Hill Democrats probing Trump’s mineral megadeals
Lawmakers in both chambers want to know how the administration is selecting what companies to invest in.
February 02, 2026
Top House and Senate Democrats are investigating the Trump administration's unprecedented move to directly invest or take equity stakes in more than a half-dozen mining and mineral companies.
Senate Energy and Natural Resources ranking member Martin Heinrich (D-N.M.), House Natural Resources ranking member Jared Huffman (D-Calif.) and House Oversight ranking member Robert Garcia (D-Calif.) are demanding documents and a briefing from the secretaries of Energy, Defense, Commerce and Interior.
“By privileging select corporations through direct ownership — essentially picking winners and losers — the government may undermine broader market competition and the development of innovative technologies or mineral or material substitutions,” the lawmakers wrote in letters to the agencies Monday.
When asked about the letters, White House spokesperson Kush Desai said the president "remains committed to reshoring critical manufacturing and supporting American companies with a full policy suite of tariffs, tax cuts and deregulation."
Desai said the administration’s equity stakes in private companies represent "how we are investing in the long-run success of American technology and manufacturing" and that "the safeguarding of America’s supply chain cannot be further delayed by more red tape and bureaucracy."
The administration has moved to directly invest or take equity stakes in at least seven companies.
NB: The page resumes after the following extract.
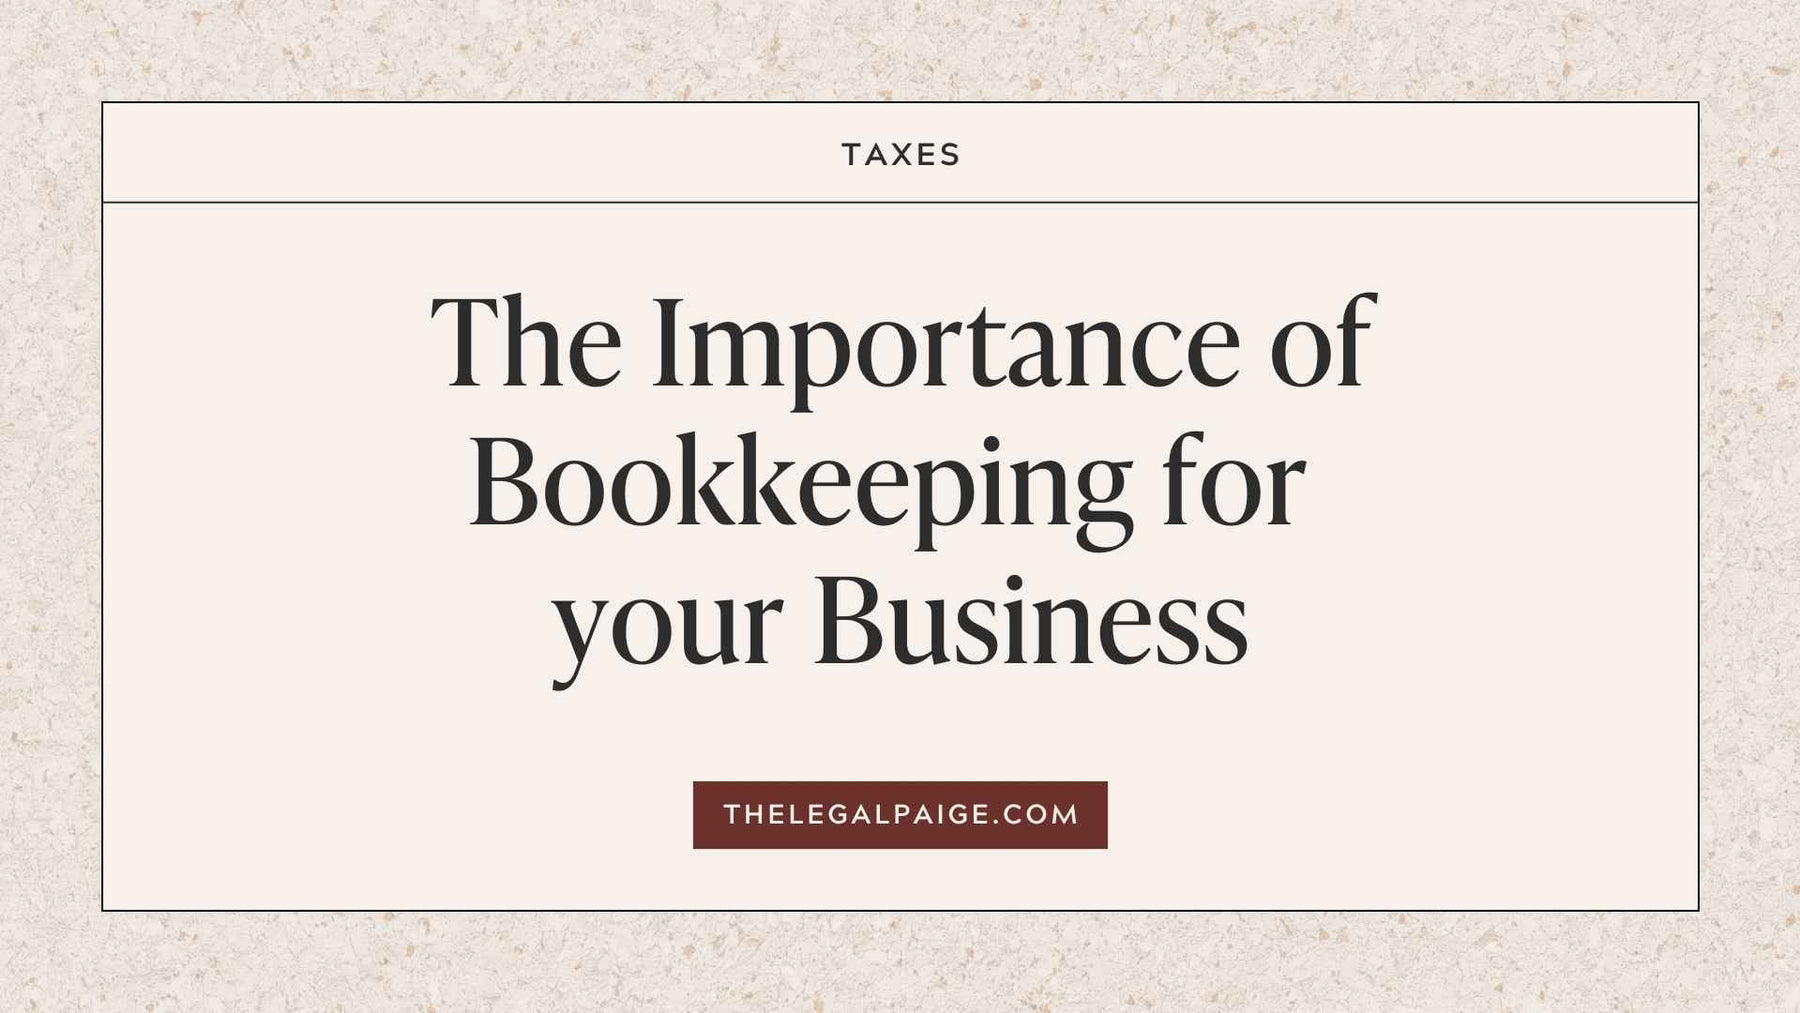 The Legal Paige - The Importance of Bookkeeping For Your Business
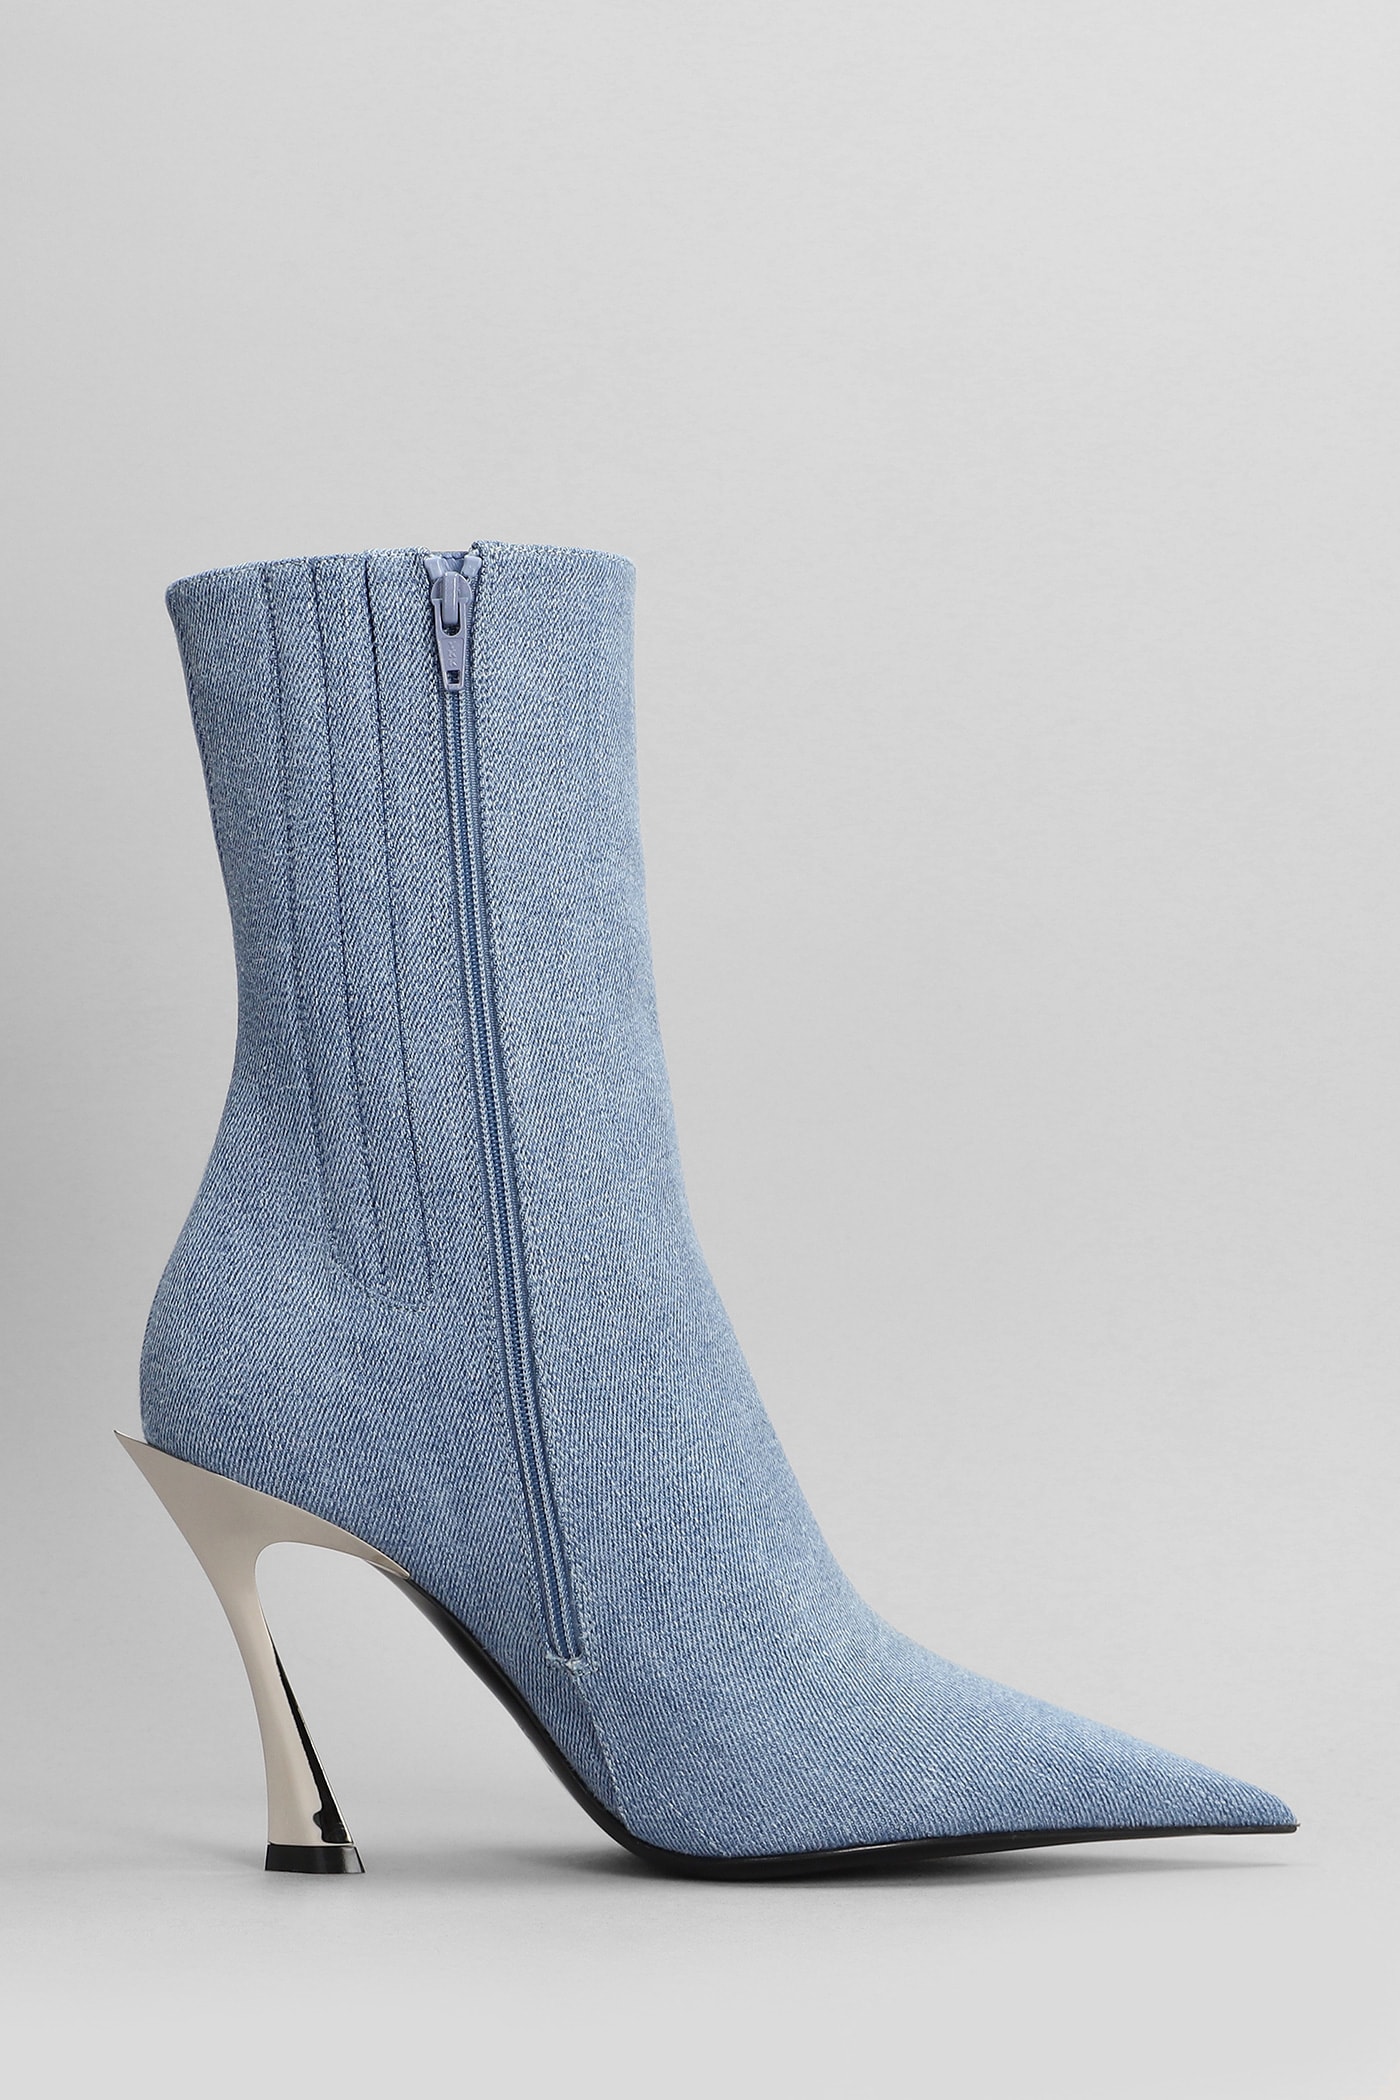 Mugler High Heels Ankle Boots In Blue Cotton

Last month, it signaled its intent to take an equity stake and inject the largest amount to date — $1.6 billion — into USA Rare Earth, an Oklahoma-based firm angling to expand the production of rare earth elements outside China.
Before that, the government moved to take direct equity stakes in companies like MP Materials, Lithium Americas, Trilogy Metals, Vulcan Elements and the U.S. operations of Korea Zinc, arrangements that have raised eyebrows on and off Capitol Hill. Trump officials have said more deals are in the offing.
The Democrats on Monday demanded the legal justification for the equity stakes, the criteria for selecting the companies and policies in place to prevent conflicts of interest.
"To date, there has been no public disclosure of procedures or safeguards in place to ensure these ownership stakes do not influence permitting decisions, regulation generation, alteration, or enforcement, contracting decisions, or any other agency decisions relating to these mining and minerals projects," they wrote.
The lawmakers are also probing whether administration officials, their families, Trump campaign donors or Trump Organization affiliates hold personal stakes in any of these companies — and what happens to taxpayer money if the deals go sideways.
The Democrats accused the administration of moving to "shield its dealmaking from scrutiny" when the president issued an executive order last year that waived congressional notification requirements under the Defense Production Act for projects exceeding $50 million.
The order waived Securities and Exchange Commission disclosure requirements that normally force mining companies to prove their projects are economically viable before attracting investors, protections designed to prevent American taxpayers and investors from getting burned on speculative ventures, wrote Huffman, Heinrich and Garcia.
The GOP megabill, they added, provided nearly $13 billion for direct DPA grants and about $350 billion in available financing for critical minerals and related projects, which the lawmakers said gave the administration “no-strings-attached resources to buy stakes in private companies."
The administration also recently expanded to funding equity deals through a $39 billion fund created by the CHIPS and Science Act of 2022.